I worked as a Machinist for a few years, as the money they were paying machinists for oil-field production equipment was insane... until the bottom dropped out of that market.

I worked for another couple physics labs for a total of about 18 years, but as the years passed, the gulf between the pay for "pure research" jobs, and private sector jobs grew.  I ended up going to the private sector for several years. Prior to going private sector, I had joined the National Guard as a 44e (Machinist), and over the years ended up gaining three additional MOS (21b Combat Engineer/demolition, 31u Communications, and 92y Supply).  

I deployed to Iraq during Operation Iraqi Freedom One and Two, 2003-2005.   When I came back, I went to work as a Test Engineer on a Base.  I have remained in that field. 
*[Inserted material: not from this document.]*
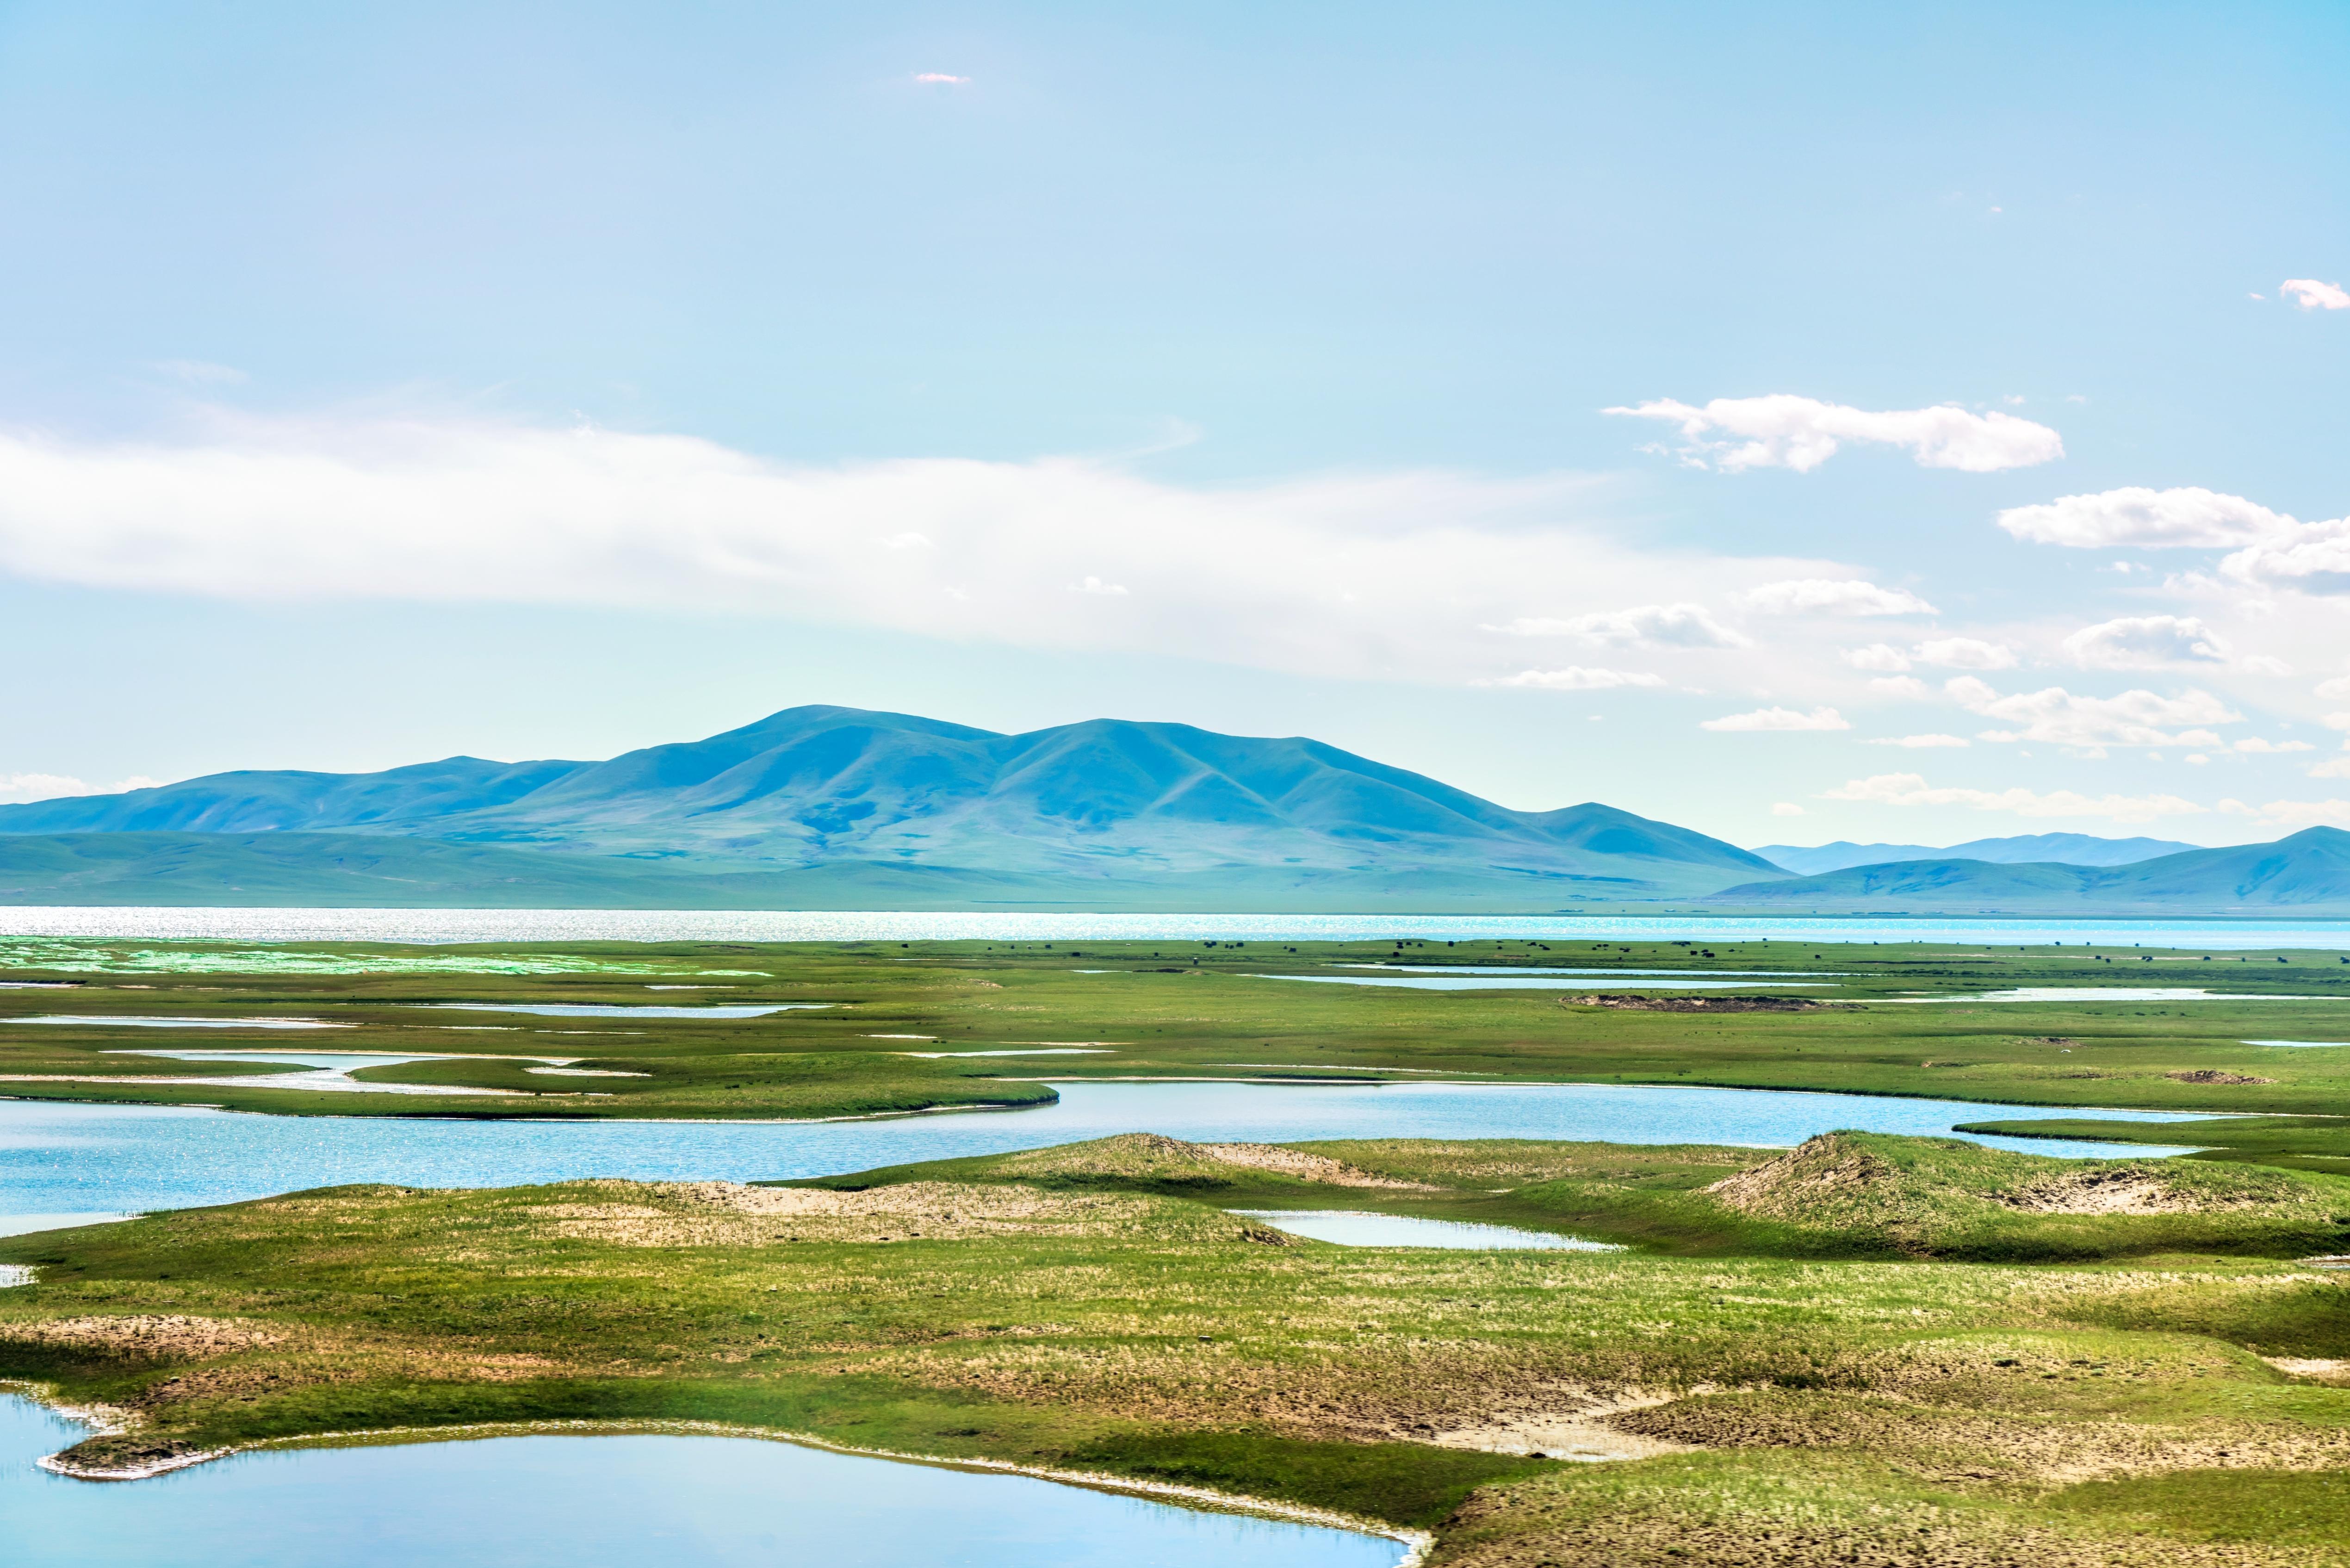 Sanjiangyuan Natural Reserve

Sorry if some of my statements seem vague, it is by intent.


----------



## Ischgl99 (Dec 16, 2021)

My dad always fixed everything at home, and I was by his side every minute learning as much as I could.  I built a minibike, repaired the cars, anything that needed to be fixed by time I was 14.  I think I disassembled every toy I had to see how it worked, much to the frustration of my mom, I think they all worked after I reassembled them too lol.  My dad was the manager of the automation group for his company and when I was 15 he needed a prototype control panel built for a factory they were building, that became my summer project and first entry into industrial controls.  After college I started working for a machinery manufacturer as a field engineer and learned electrical and controls by troubleshooting systems on the projects I was on, in addition to the mechanical and process duties.  The EE at the company refused to let me get involved in controls work, and even blocked my view so I could not see what he was doing, so I called my dad to get the Allen Bradley programming manuals our company distributor refused to send me and learned on my own.  The company EE was notorious for putting bugs into the software so he could get trips around the world, and when I was on a project shortly after he quit and the program would not work, my boss authorized me to buy the AB programming software and get it done.  I have always had a knack for troubleshooting and quickly became the go to guy when something wouldn’t work.   The replacement EE was lazy and when he found out I could program, he send unfinished programs on my jobs so I got even better at it.
After that, I moved on to a bearing company running the industrial services department overseeing a crew of field service engineers and a product line of maintenance equipment and vibration analysis equipment, and then as a reliability manager for a company operating water and wastewater plants across the country.  I basically had free rein at the plant I was based out of to make any improvement I could find and had the best boss ever there.  Too bad I took a “promotion” at the corporate level and got into a job I hated that was more pencil whipping than actually accomplishing anything.  Now I am retired from the engineering field and raising my kids while my wife travels for her job.  To keep from getting bored, I started a photography business and spend more time in my shop using the equipment I have accumulated over the years.


----------



## brino (Dec 16, 2021)

Great thread everyone!

It's like finally getting to know you guys on a new level, like we are talking over a beer on the patio.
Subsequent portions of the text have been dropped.